We played three games. Jack won two. I won one on a technicality involving a foot-fault that Lily disputed with the fervor of a high-court judge all the way to the exit.
The night air hit us like a cold sheet when we pushed through the double doors. Lily walked between us, and without asking or even looking up, she reached out and took both our hands. It was a reflexive, easy gesture, as if the three of us walking linked through a dark parking lot was just how Friday nights were supposed to end.
Jack looked at me over her head. His expression was unreadable, but his hand didn't pull away from hers. I looked back, my lungs feeling the bite of the April air.
Lily stopped walking abruptly. She looked up at me with those serious, dark Henley eyes, her small hand still tucked firmly in mine.
"Come home for dinner," she said. It wasn't a request; it was a directive.
I opened my mouth to offer one of the many rational, adult excuses I’d been rehearsing in my head since the second game.
"We have leftovers," she added, sensing a hesitation she wasn't prepared to accept. "From yesterday. Uncle Jack made too much. It’s good."
Jack remained silent. He was looking somewhere slightly to the left of me, a tell I’d come to recognize as his way of staying out of the blast zone. He wasn't pushing, and he wasn't pulling. He was just leaving the door unlatched and letting me decide if I wanted to walk through it.
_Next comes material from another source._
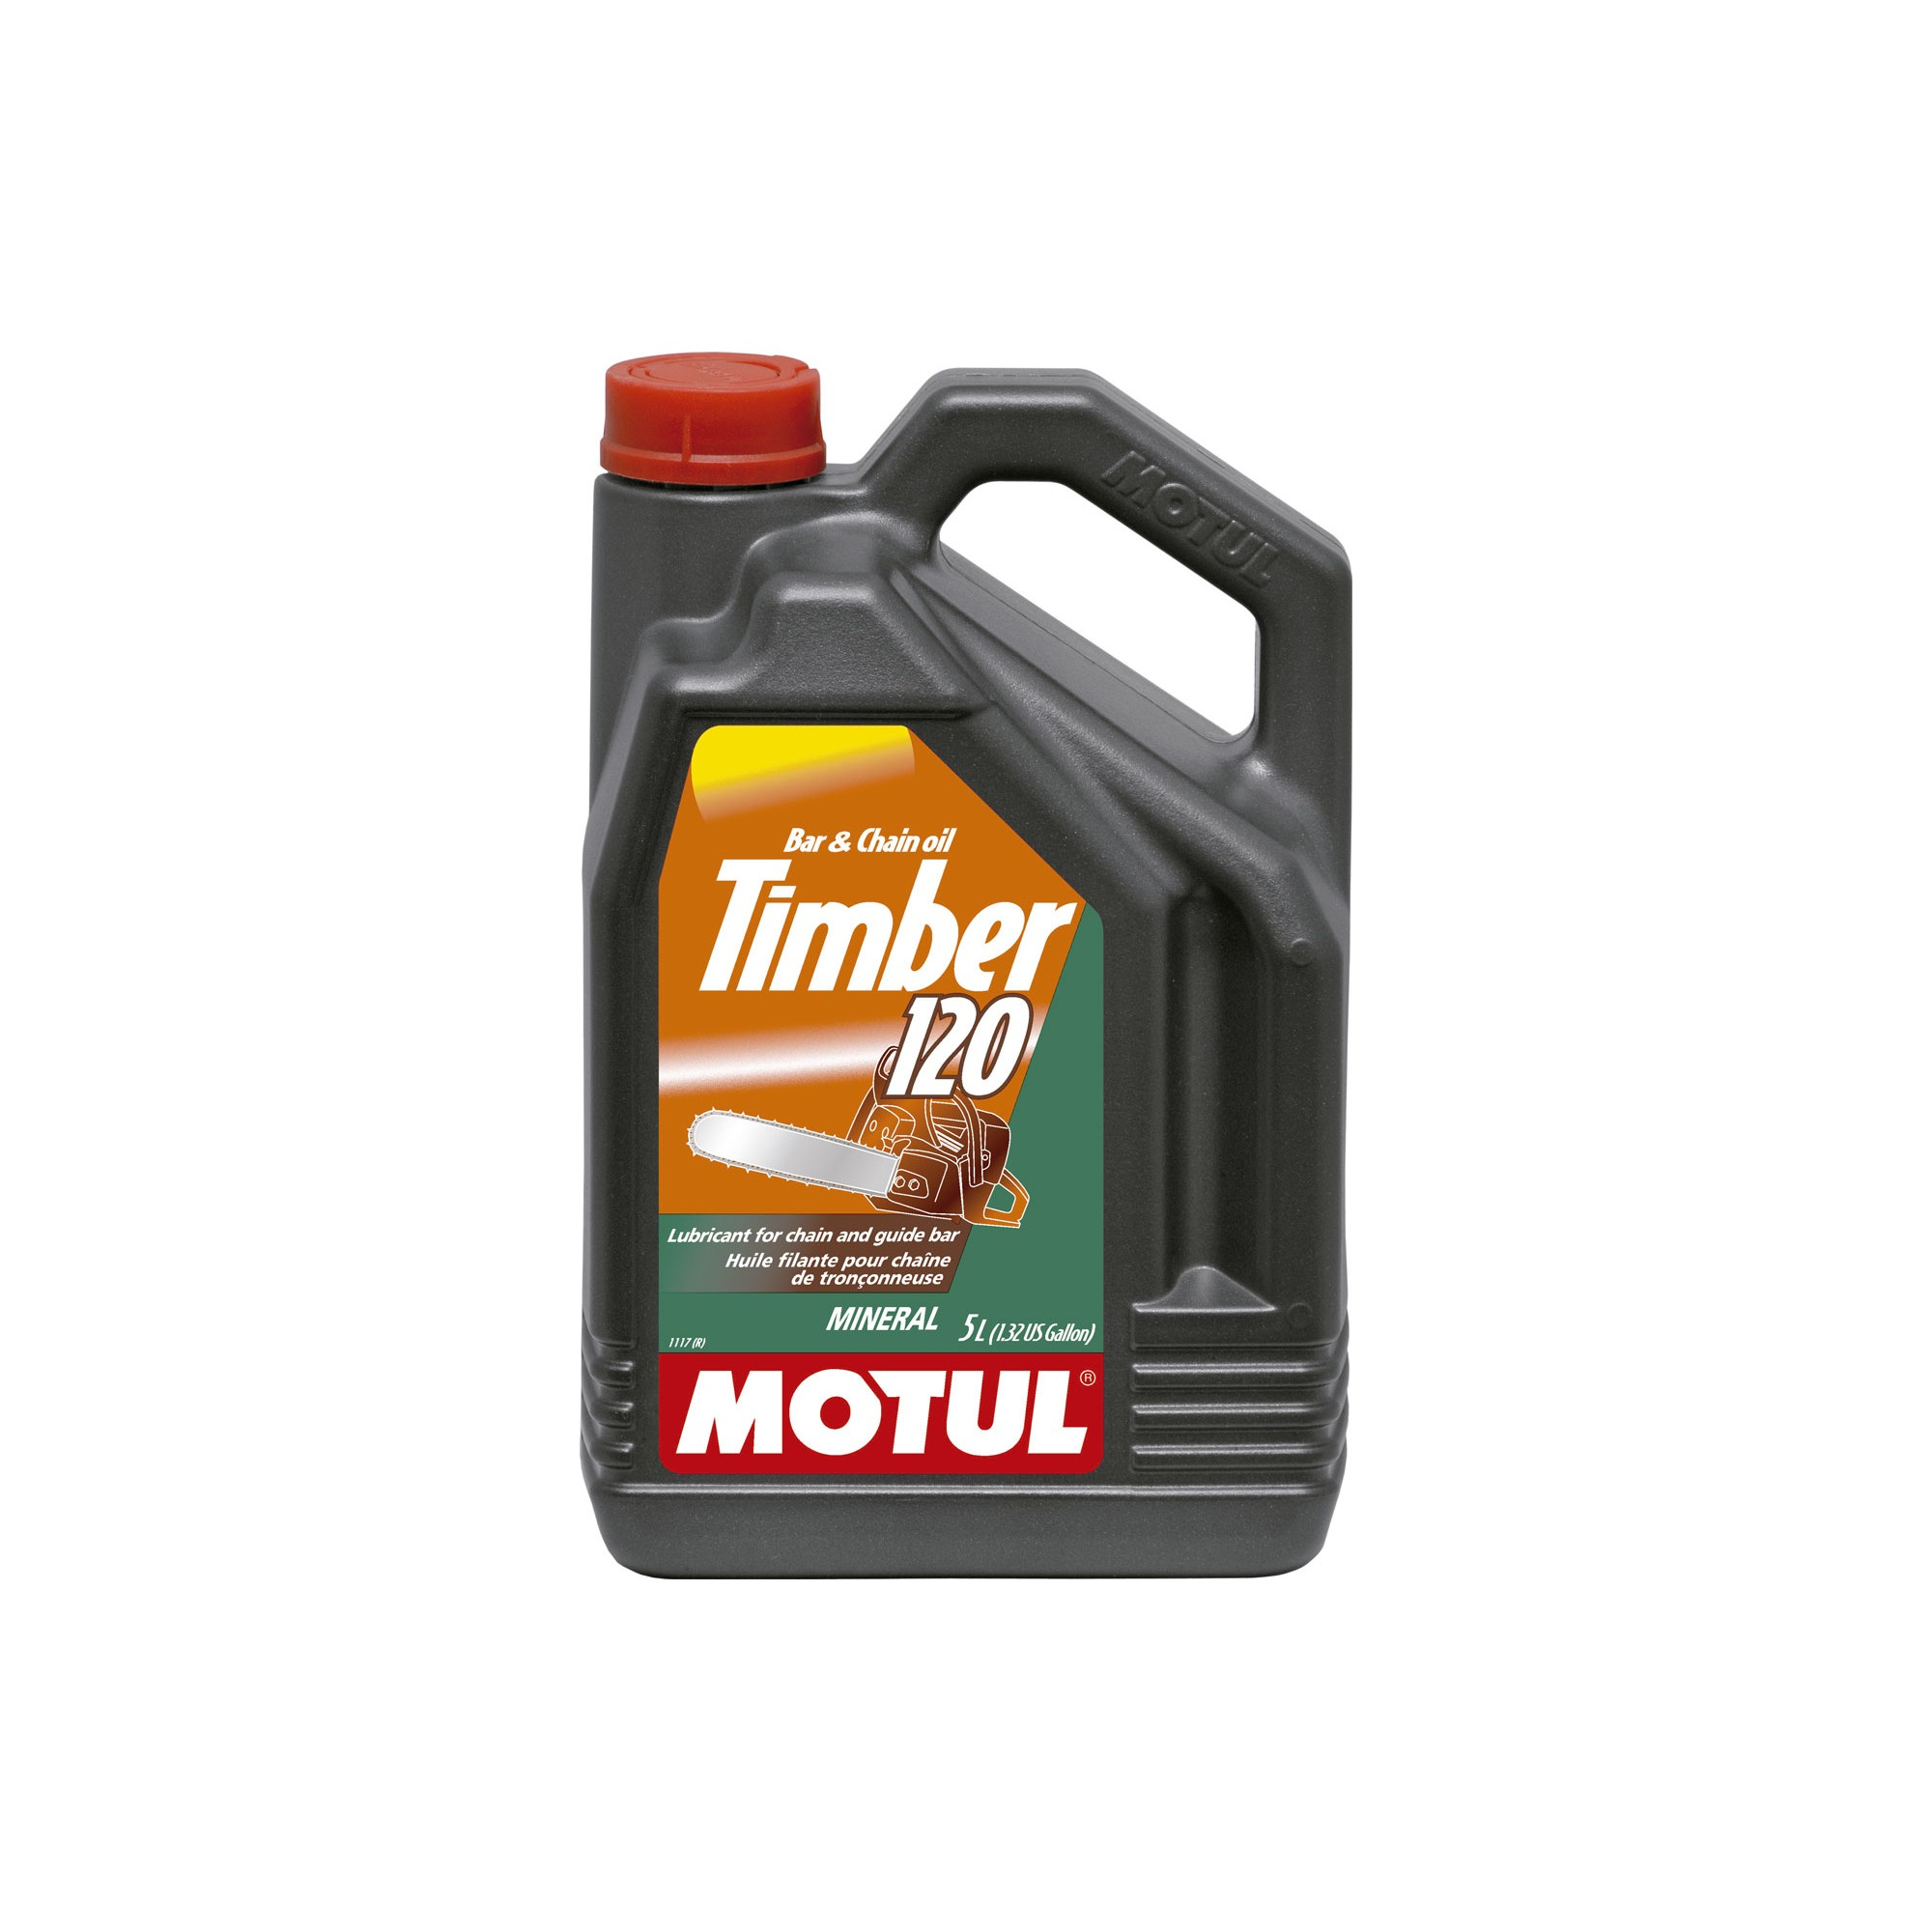 Aceite MOTUL Timber 120 (5L)

I looked down at Lily. I looked at her hand in mine
"Okay," I said.
Lily nodded, satisfied, and started walking again, pulling us both along behind her like she'd known all along how this was going to go.
Which, knowing Lily, she almost certainly had.
Chapter Thirty-Six
Jack
Lily had taken Maddie upstairs to show her something—Gerald's house, she’d called it, which was an elaborate arrangement of a shoebox and some fabric scraps she’d been engineering for the past week. I’d heard about Gerald’s floor plan in grueling detail over breakfast. I hadn’t been invited to the viewing.
I did the dishes.
The house had a different quality when Maddie was in it. I’d noticed it that first night, and I noticed it now—something about the air, the way the rooms felt occupied in a different way. Less like a house I was managing and more like a place where things happened. I wasn't sure what to do with that observation, so I just kept my head down and scrubbed.
They came back down after twenty minutes. Lily appeared first, satisfied in the way of someone who had successfully completed a presentation, and announced she was going to watch television for exactly twenty minutes before bed. It wasn't a thing we'd agreed on, but I let go because I was watching Maddie come down the stairs and doing a poor job of pretending I wasn't.
Lily disappeared into the living room. The television hummed to life, low and steady.
Maddie came into the kitchen and stood beside me, exactly where she’d stood that first time. Without a word, she found the dish towel and started drying.
"This is becoming a habit," I said.
"Guess so," she said.
We worked through the last of it. The noise from the television in the other room, the water, the quiet of a house at the end of an evening. I was very aware of her standing there. I'd been very aware of her standing there for weeks and I was running out of ways to file it under something else.
"Listen," I said.
"Listen," she said, at exactly the same moment.
We both stopped.
She looked at me. I looked at her. Something moved between us that I wasn't going to name.
"Go ahead," I said.
"No, you."
I set the last bowl on the rack and dried my hands on the front of my jeans. I turned and leaned against the counter, needing the solid weight behind me.